I thought i might of got a bad regulator...the only load i have on the system are the lights, i had a very limited budget so i got the cheap one from autozone instead of the stock looking one from napa.
I'd be willing to bet when you replaced the alternator, you probably got a stock replacement. I'd be surprised if the stockers put out much more than 10amps at idle, and max at at about 35 at 2500rpm. A higher output alternator should fix the problem.
Don't forget about a clean ground for your negative, and a ground strap from the block to firewall will help.
its 61 amp according to the autozone website...can i just run a battery cable from the block to the firewall? and all of my connections are like brand new (mostly because they are).

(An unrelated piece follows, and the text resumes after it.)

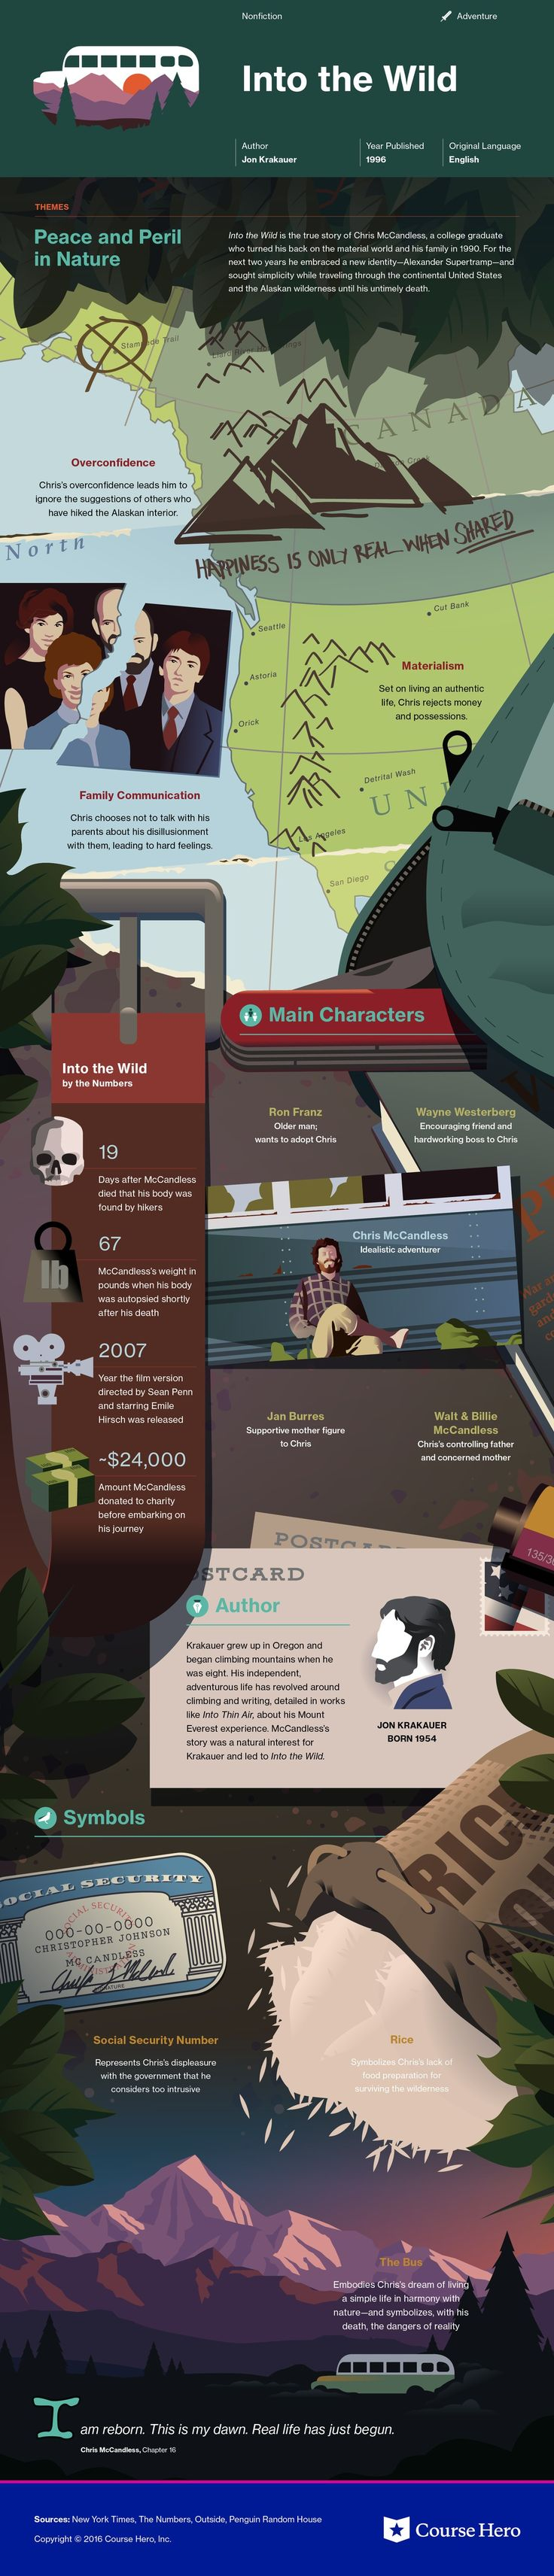 Into the Wild Infographic | Course Hero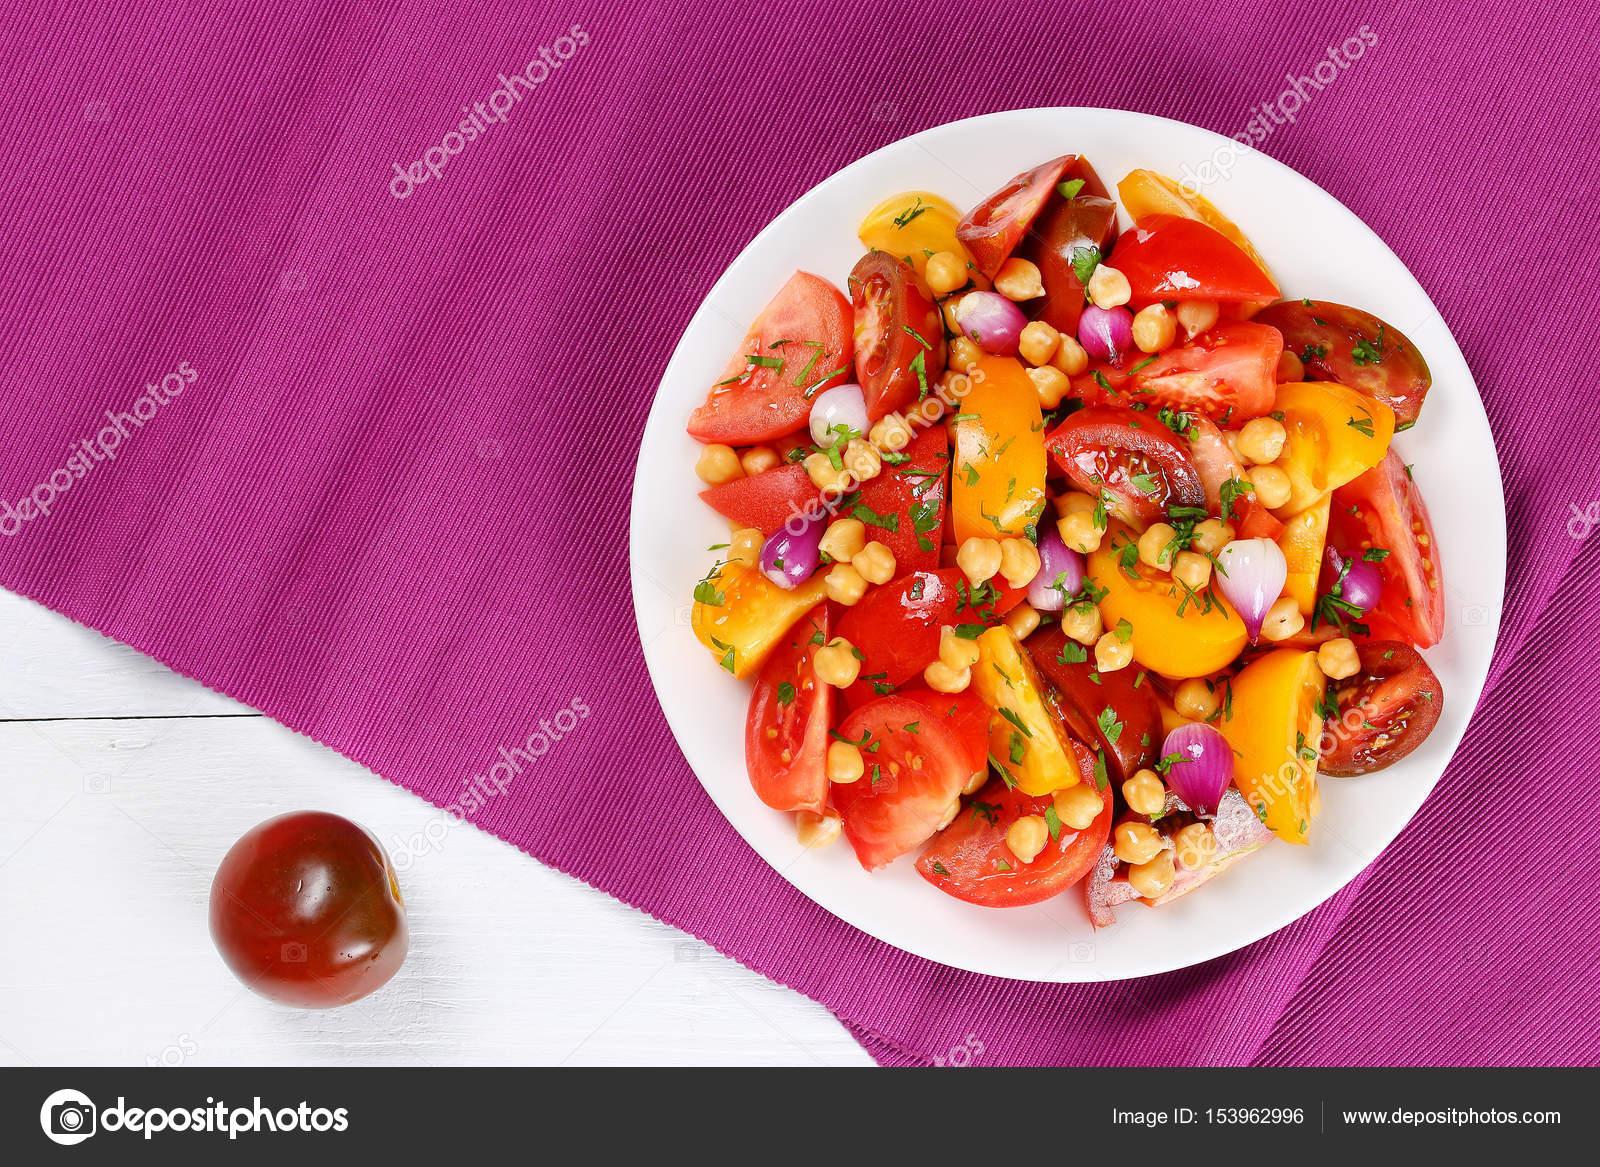 gesunde wenig kalorien salat mit kichererbsen stockfoto myviewpoint 153962996. Black Bedroom Furniture Sets. Home Design Ideas

This must be very common to these trucks, as I have owned many of them and most all have had this problem. I currently have a 71 f100 that has it. Until, I recently installed white face gauge decals,I had alot of difficulty trying to read the gauges at idle or low rpm.
Don't forget to ground from the body to the frame or engine itself. DO NOT count on your engine mounts to make the grounding connection. I am sure that is why I had so many problems and led to the new harness at almost $300. Spend the $15 extra for some piece of mind. Just my two cents and trying to help you avoid my problems.
Okay, 61amps but at what RPM does this alternator put out 61amps?
There is also the possibility that your battery just can't handle it. I'm not sure if it's new or not, but if not that would be suspect also. Your indication that the lights are dim at idle suggest that 1) Idle speed too low, or 2) alternator just not putting out decent amperage at low RPM.
If you guys still have the old "points style" voltage regulator, you're just throwing money away by replacing everything else. I replaced mine with a solid state unit and it doesn't do it anymore. I've had 2 '60 models, a '72, and my current '71- they all acted the same way.
points style voltage regulator? solid state regulator? You've got my interest, could you please explain the difference and which solid state reg to get?